Comment on Google Chrome to soon get a new ‘IP protection’ feature: Here’s what it does
fubo@lemmy.world 1 year agoYou can’t MITM with a VPN unless the browser accepts an insecure certificate. And that can’t be done without being detected; and the security community would raise seven shades of hell.
Google has actually helped build the infrastructure that (in a public, provable way that Google can’t subvert) makes it impossible to get away with MITM in this manner. It’s called Certificate Transparency.
Put another way: Google wants other big companies and governments to use Chrome and Android. If Google started MITMing traffic like you suggest, no corporation or government would ever touch their products again. So they’ve built infra that lets them prove they don’t.
_s10e@feddit.de 1 year ago
Yes, but the browser is Chrome and this is a feature built into Chrome.
fubo@lemmy.world 1 year ago
Now try reading the rest.
_s10e@feddit.de 1 year ago
I tend to agree with the trust argument. Google wants people to rely on Web technology and Google products and allowing MITM - or failing to prevent - goes against Google’s interest.

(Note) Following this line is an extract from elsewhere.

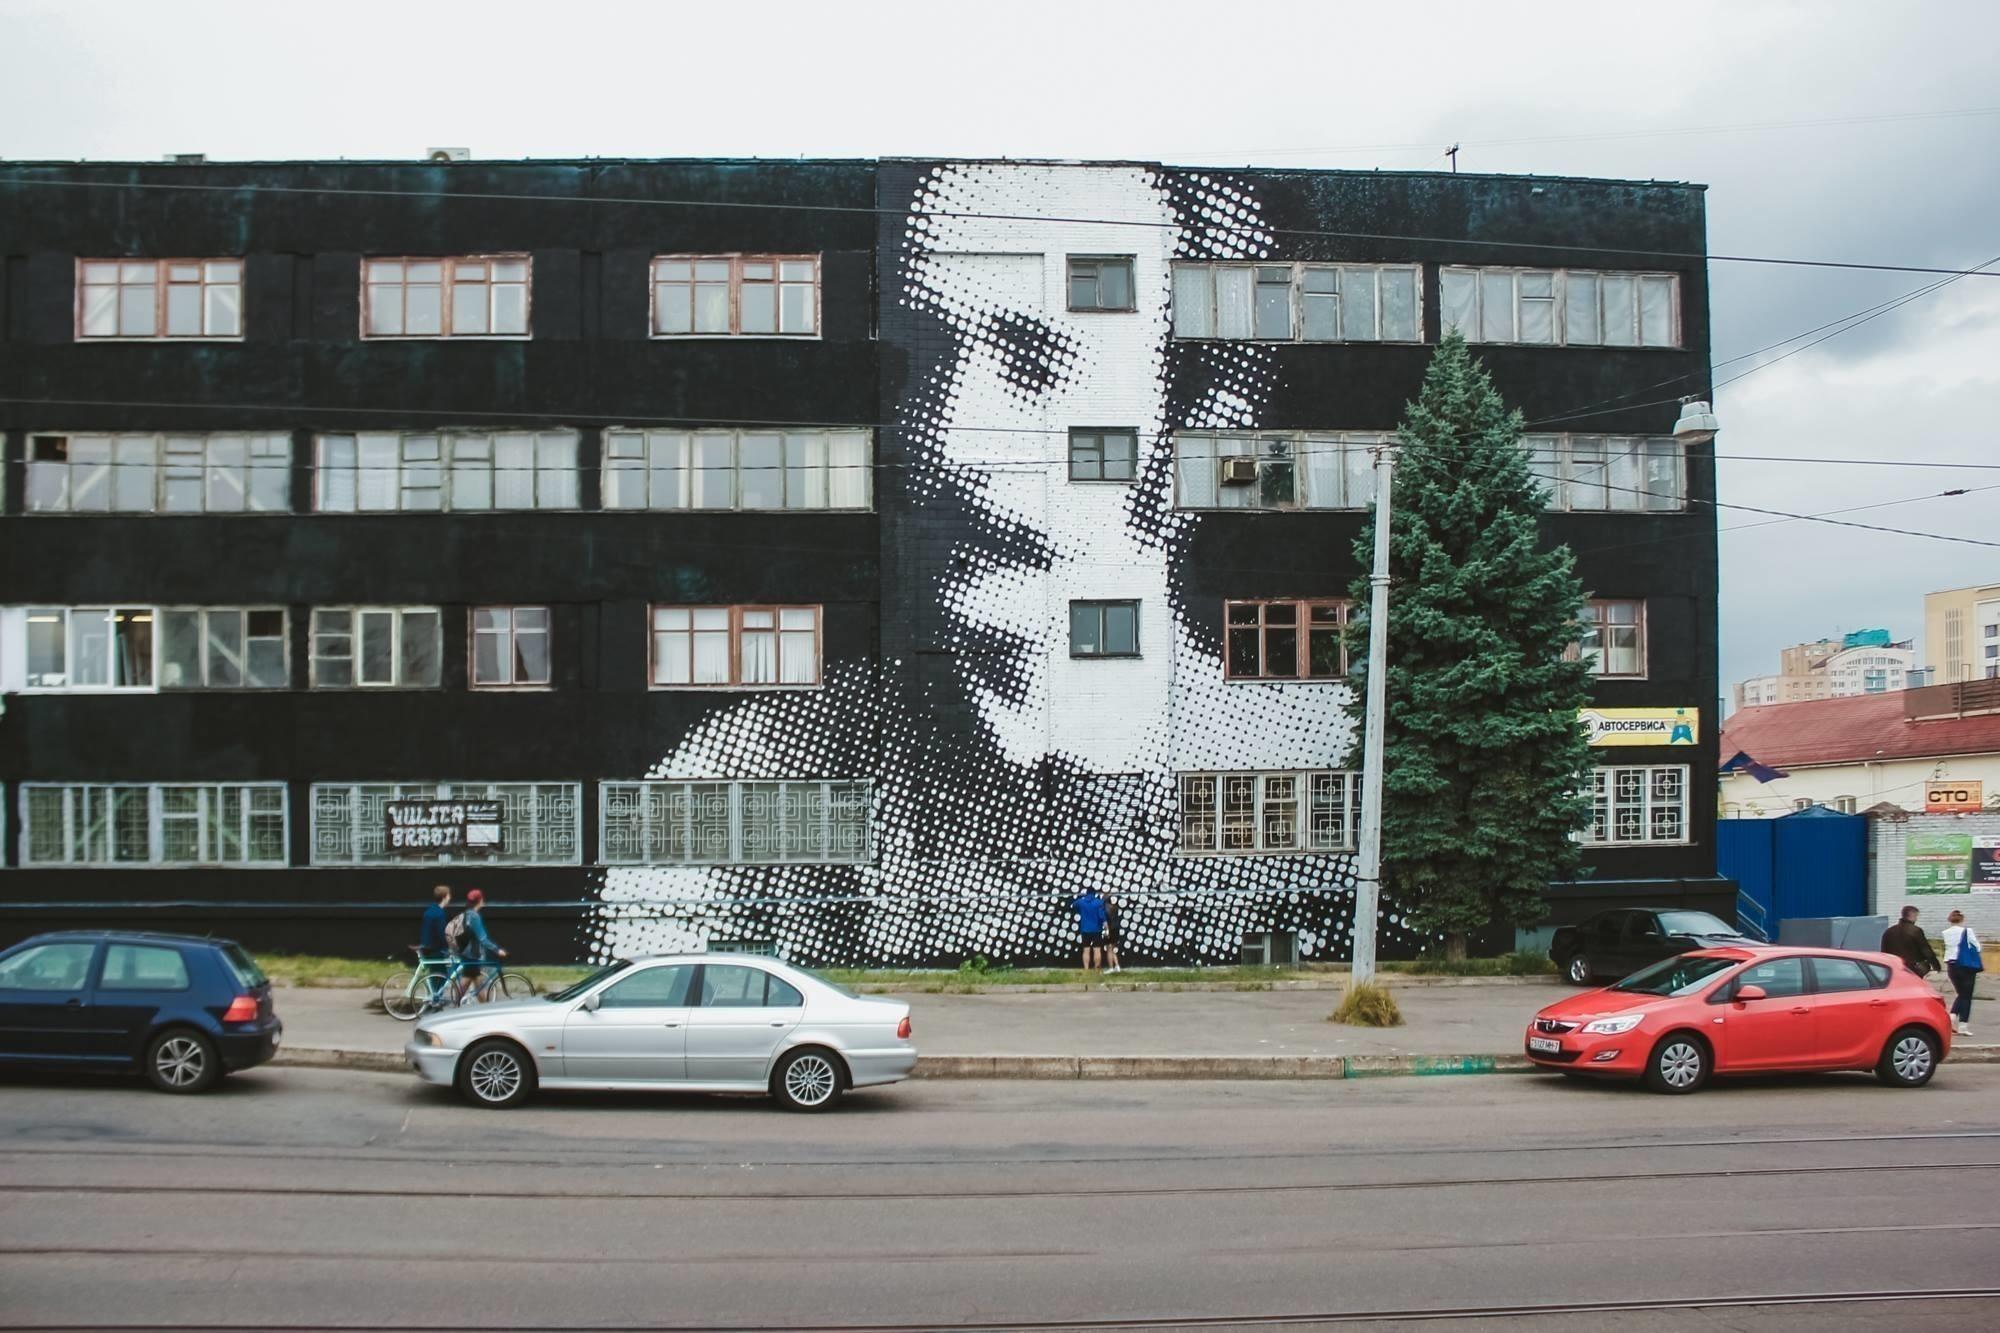 Граффити-портрет графа Чапского, фото: Анастасия Рогатко
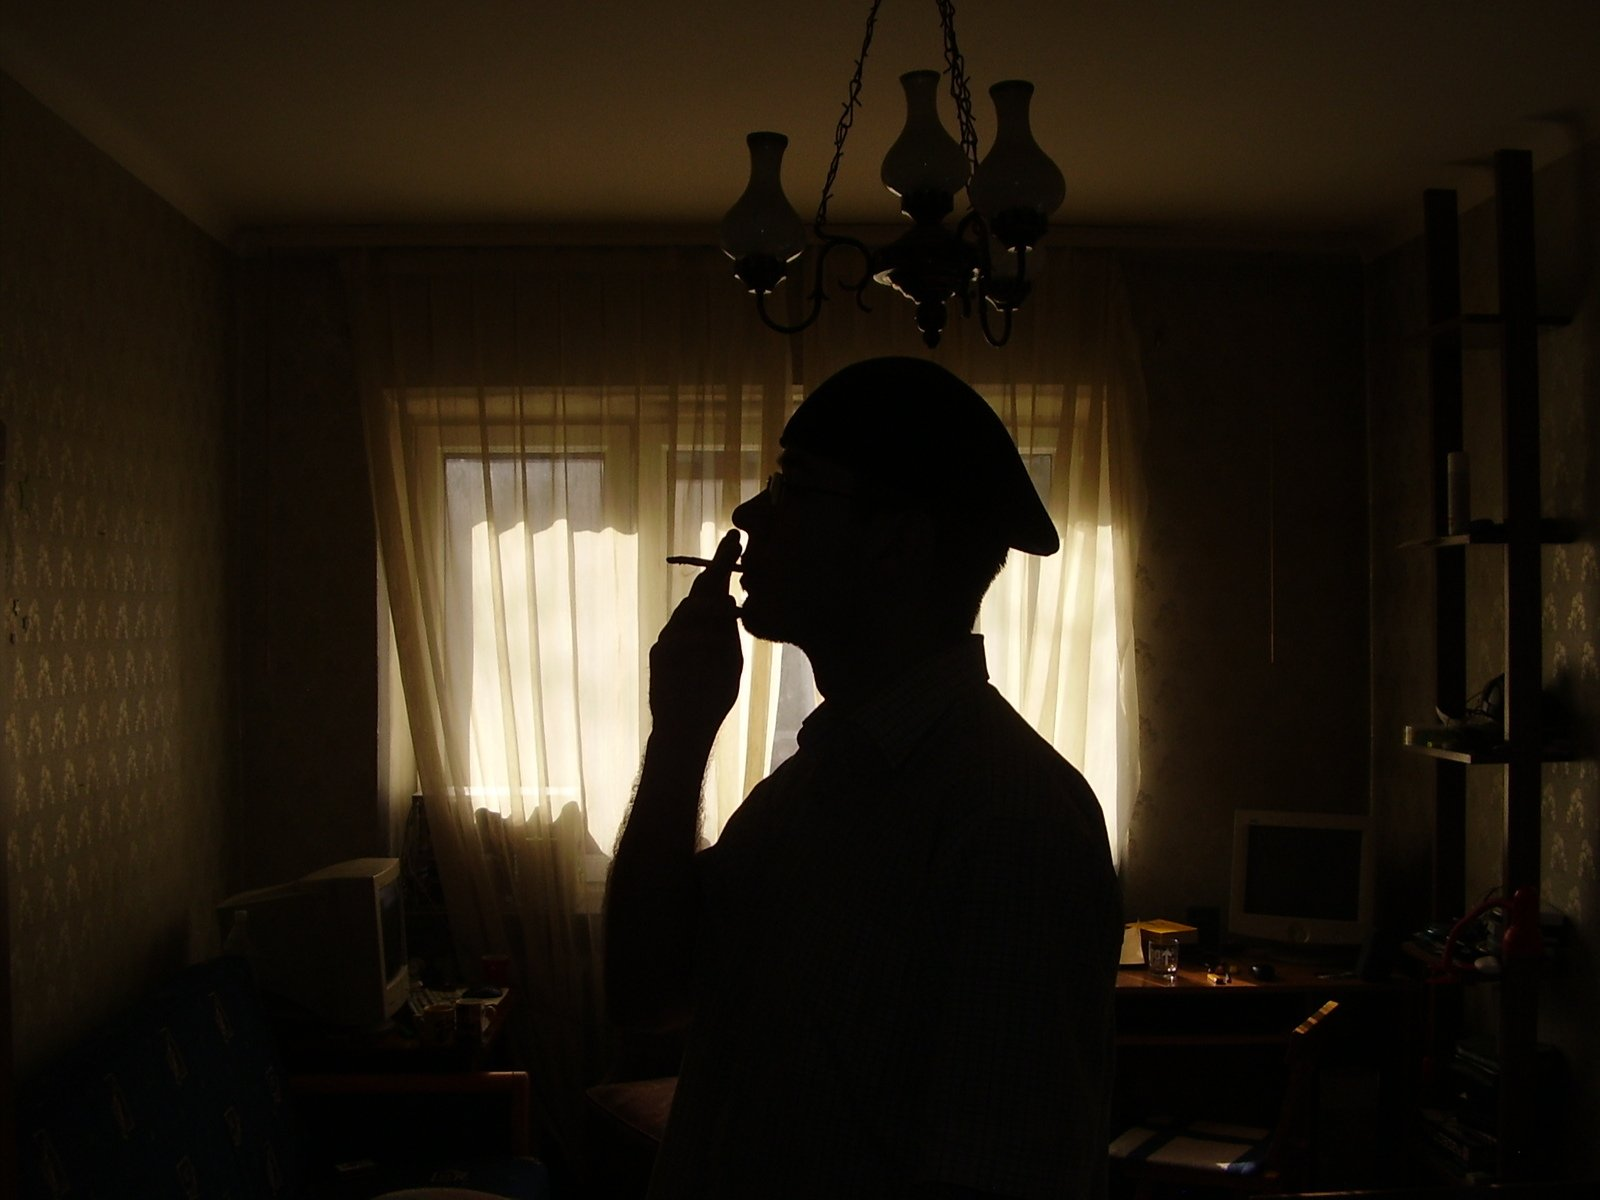 muž s cigaretou

I don’t buy the technical argument at all. Google could terminate the TLS connection at the proxy and communicate with the browser on a proprietary encrypted channel. Chrome could easily show a green padlock item and certificate details as seen by the proxy. The whole thing could be open source and transparent. A minority of users will disable the feature; many will accept it. Corporates can be bought by allowing to opt out for ‘sensitive’ servers.
fubo@lemmy.world 1 year ago
They could just rewrite Chrome to send all your passwords in clear text to Mountain View too … but not without security people noticing. That’s my point. The behavior of browsers is not secret.